Problem description
Below, find the line containing "2pcs Girl's Elegant" and the line containing "Treats to Make Your Valentines"; reproduce exactly those two and every line between them, omitting pictures.

Provided data
****************
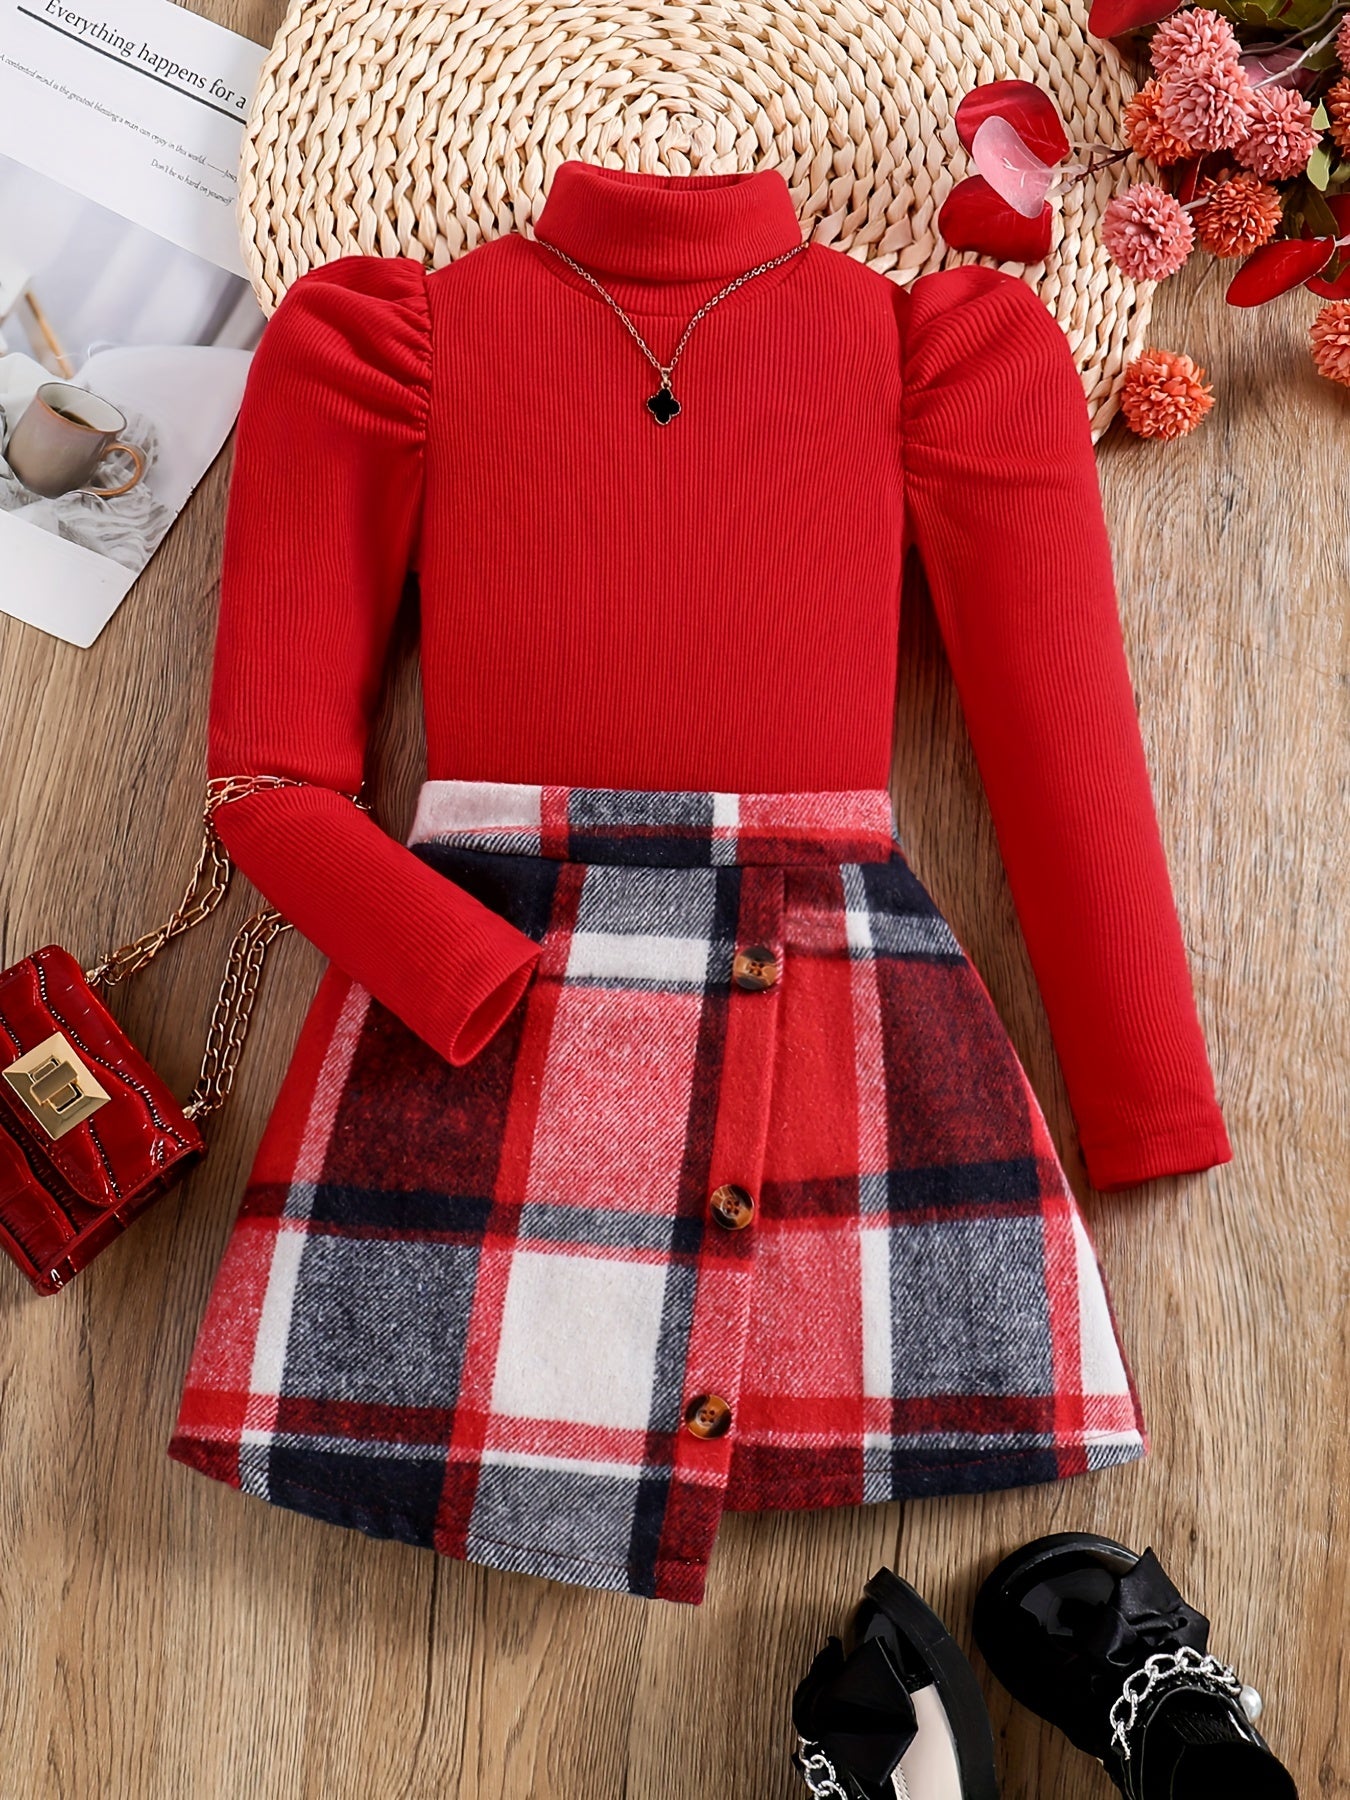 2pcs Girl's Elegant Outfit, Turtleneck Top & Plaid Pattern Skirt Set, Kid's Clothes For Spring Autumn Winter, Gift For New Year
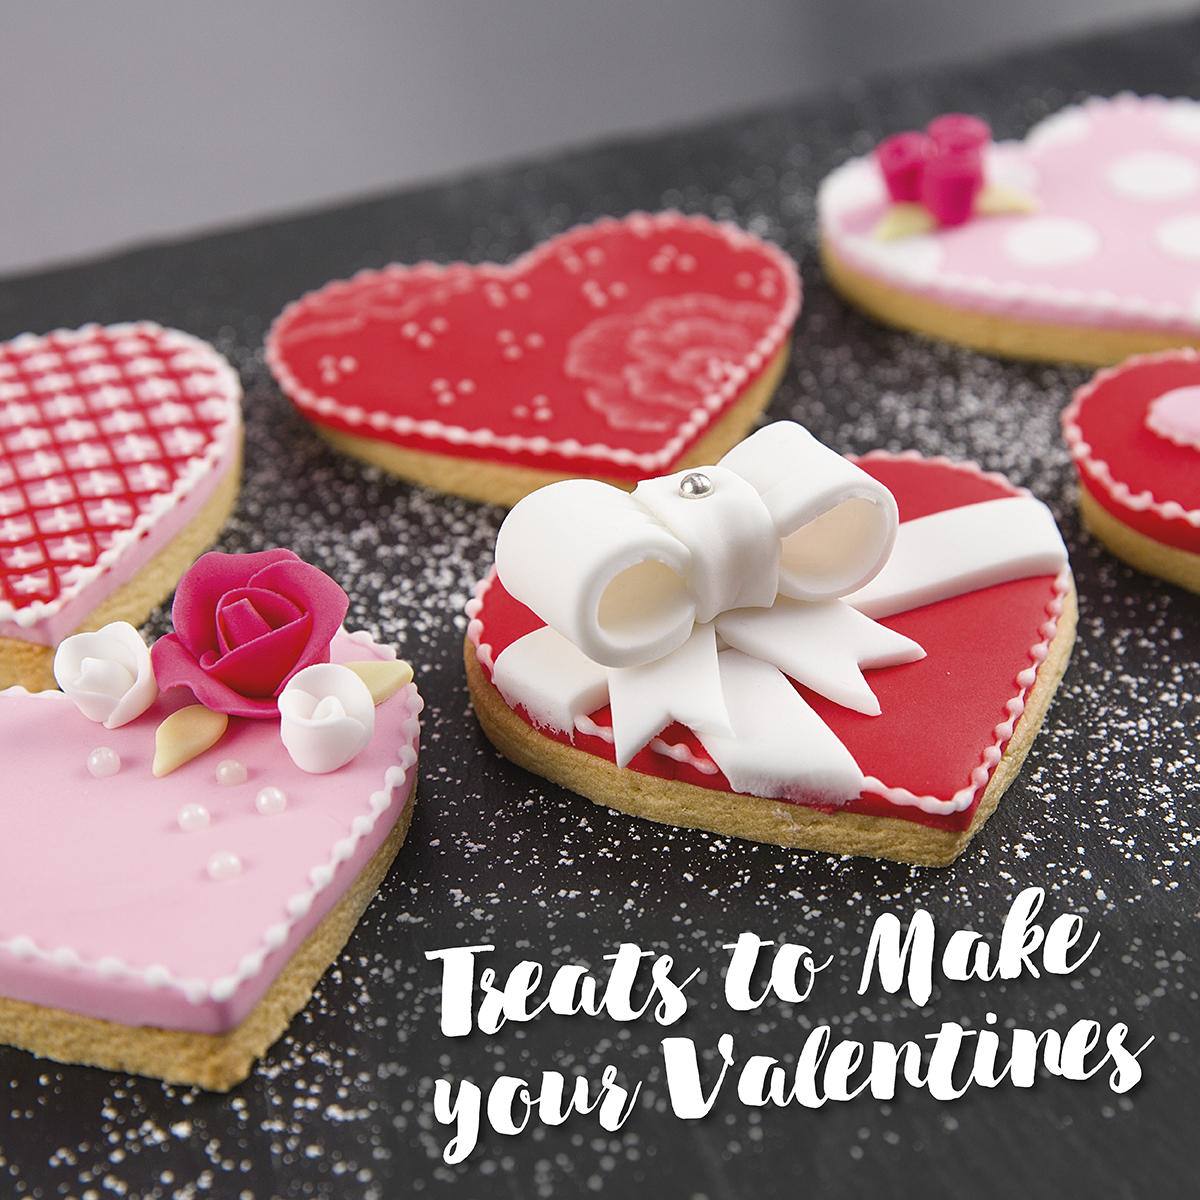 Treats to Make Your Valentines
****************
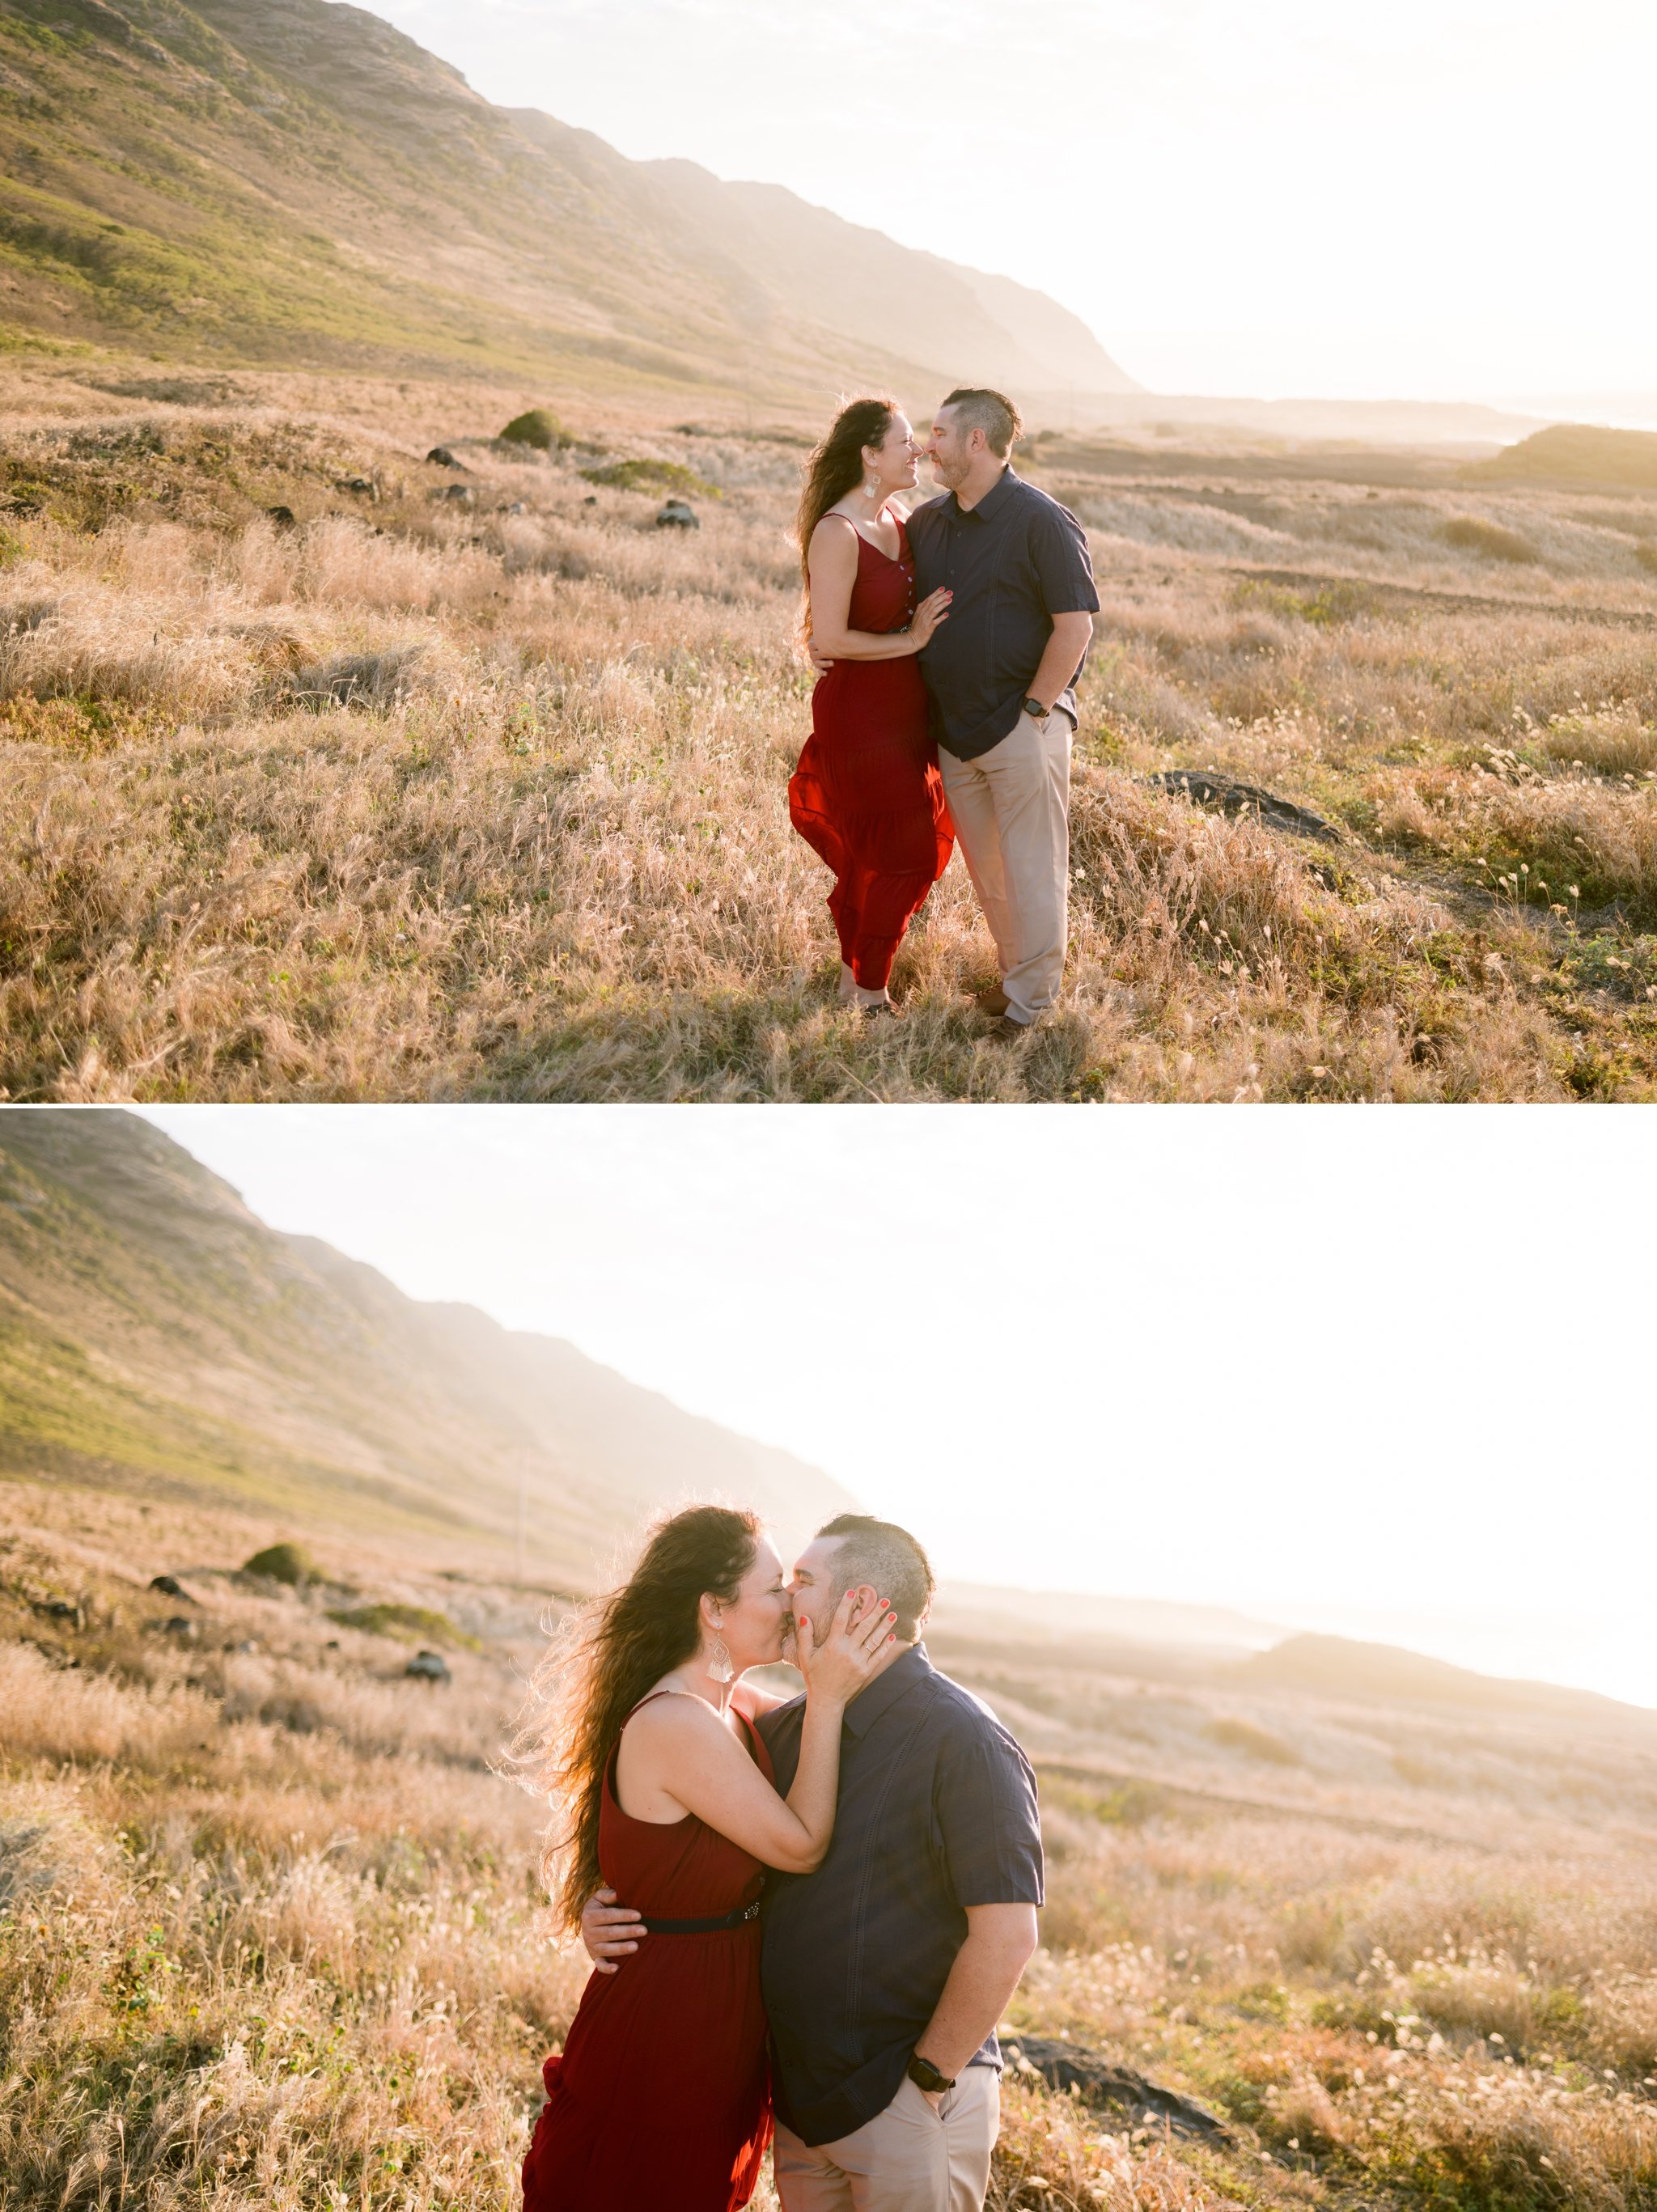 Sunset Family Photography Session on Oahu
****************
Your solution
 2pcs Girl's Elegant Outfit, Turtleneck Top & Plaid Pattern Skirt Set, Kid's Clothes For Spring Autumn Winter, Gift For New Year
 Treats to Make Your Valentines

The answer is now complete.